The front office is only as effective as the middle and back allows it to be

EXL’s traditional strength is in the middle office with industry-specific services support and analytics and in the back office with finance & accounting BPO. The front office cannot be effectively customer centric—responsive and personalized—if it doesn’t have a flexible data infrastructure through this middle and back office to drive context and act with speed, precision, and fluidity. EXL is working with clients where it sits – in that middle and back office, particularly in insurance, healthcare, and financial services.

For example, with one client that started as a headcount-based cost reduction BPO play in F&A, EXL proposed a number of workflow process and “digital” enablers such as RPA and chat to have a more interactive and responsive function. The client has been able to remove itself from a fairly heavy-handed “oversight” of the day-to-day and EXL has been able to find and implement efficiencies for faster processing, fewer errors or points of confusion, and greater satisfaction all around. A key solution element here was the human-centered approach: the team took the time to interview people involved in the current process at the client and at EXL, understand what was not working, and design and test out solutions that were people, process, and technology oriented (a.k.a. design thinking).

Building out the data chain

Over the past couple of years, EXL has hired, acquired, and developed a broader spectrum of capability in analytics modeling and reporting to build out this core strength. It’s been a differentiator for execution, but not across the full analytics spectrum and not at scale. Now it’s expanding upstream into data and data management, built-in proprietary technology and partnerships for “bots,” and supplementing the shift through its data acquisitions such as RPM Direct and Datasource.

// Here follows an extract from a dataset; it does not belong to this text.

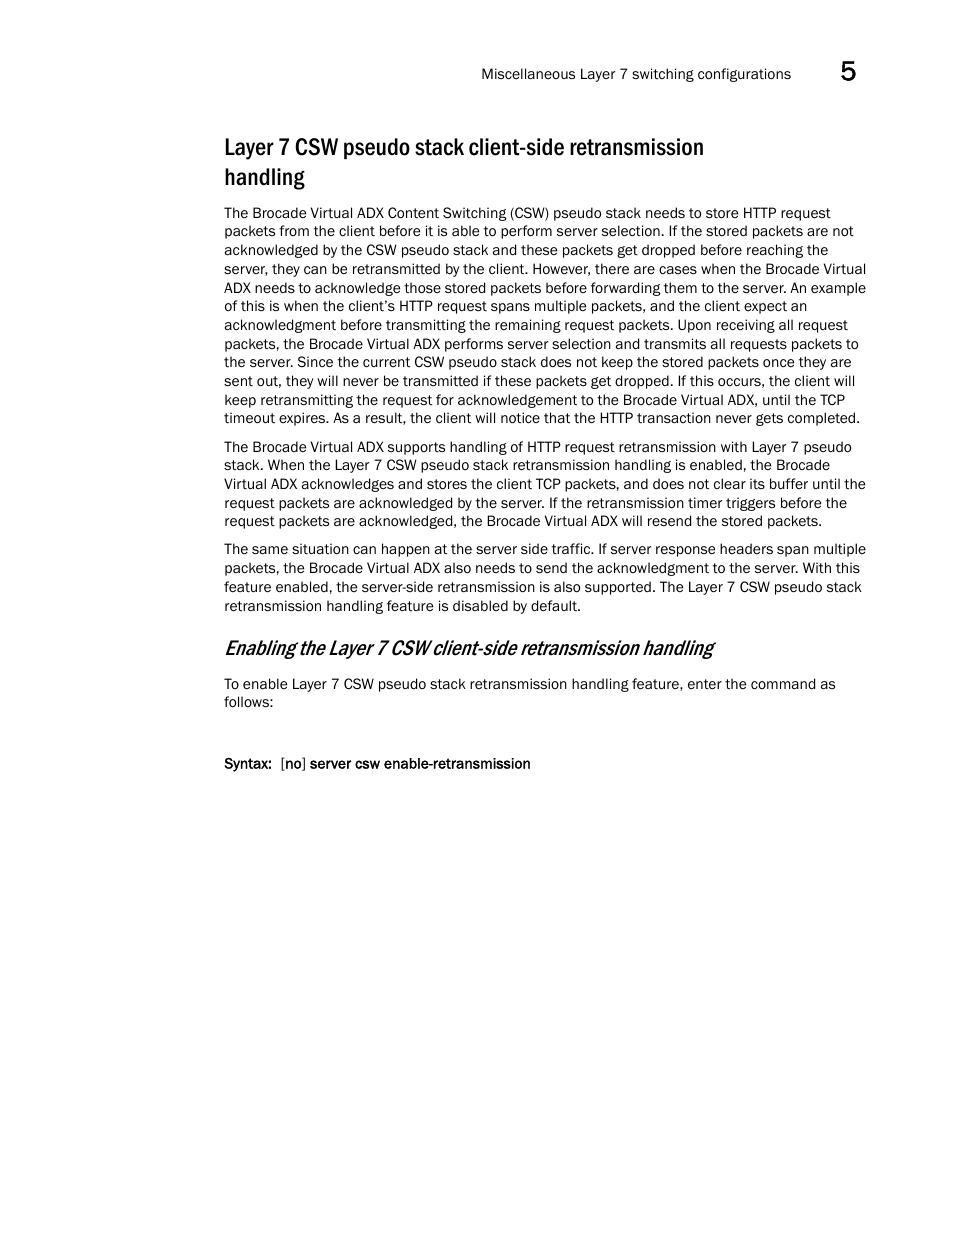 Brocade Virtual ADX Server Load Balancing Guide (Supporting ADX v03
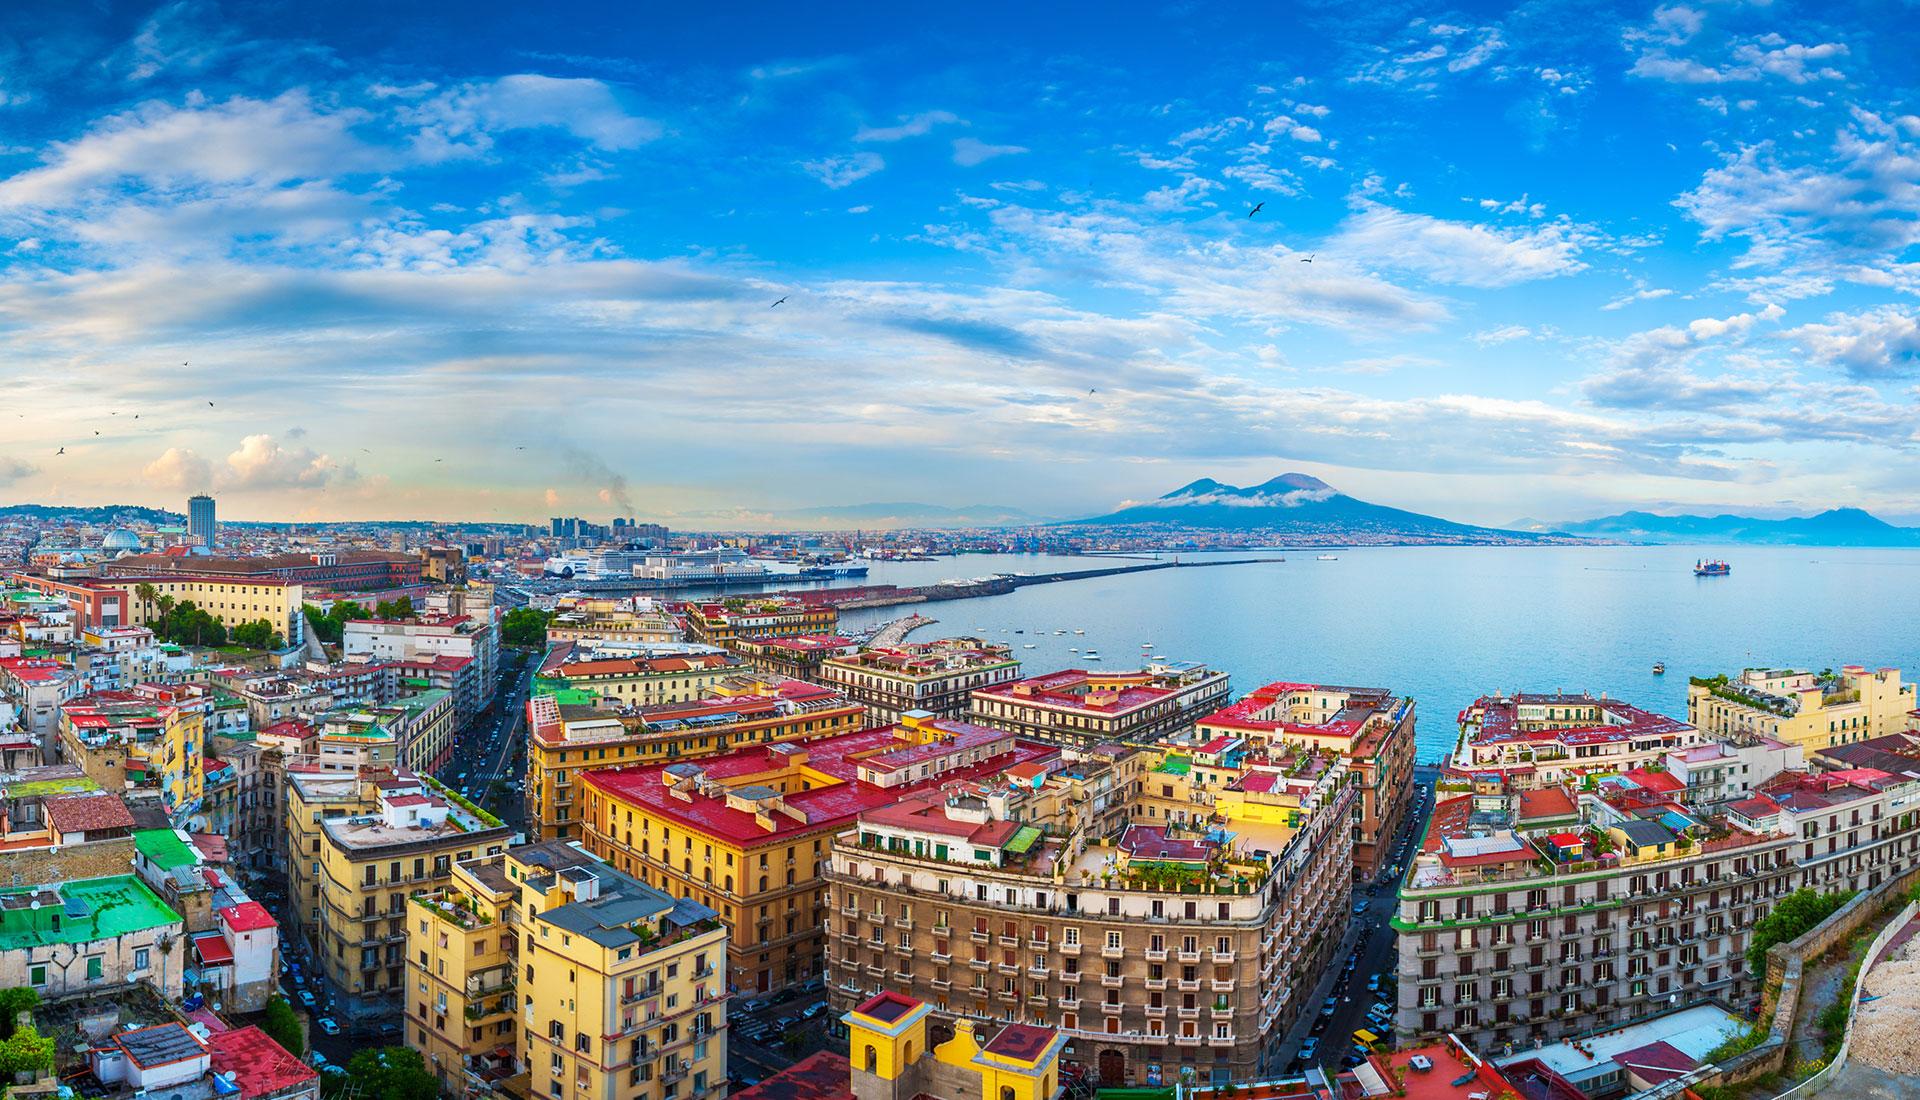 Bella Napoli panorama

Its viewpoint of the impact of data and analytics was demonstrated through an example in the middle office of an insurance client. EXL created a digital interface for customer acquisition, combined it with its LifePro policy admin system and data analytics. The client uses the database to target and segment customers for campaigns. Interested customers can use mobile or internet portal access to apply. Based on the back end integration with the underwriting and pricing engine, the customer gets a quote and the company can bind the policy online.

The role of robotics

The conversation around robotic process automation and artificial intelligence (the latter less of a focus and still a point of view to be developed, it seems) is constantly tied to analytics.  EXL’s observation is that “clients now seem to be taking a more pragmatic approach to intelligent automation” – how to institutionalize it, not just use it. One client example was of setting up a COE in a “build, operate, transfer” approach where EXL initially builds out the automation strategy, governance, use cases, service orchestration layers and bot skillsets. If you are interested in this approach, it’s one that we haven’t heard quite as clearly articulated from other service providers, and an area that we do hear is a challenge for global business services centers, for example. Some companies like Ascension Health and SEI Investments have to take the leadership on their own, but others may appreciate this kind of support to get RPA not just used but infused into the organization. I do get the sense this is a newer offering for EXL, so do your due diligence on the availability of skills and capabilities across different suites, but we often hear from clients that EXL makes a responsive, transparent partner.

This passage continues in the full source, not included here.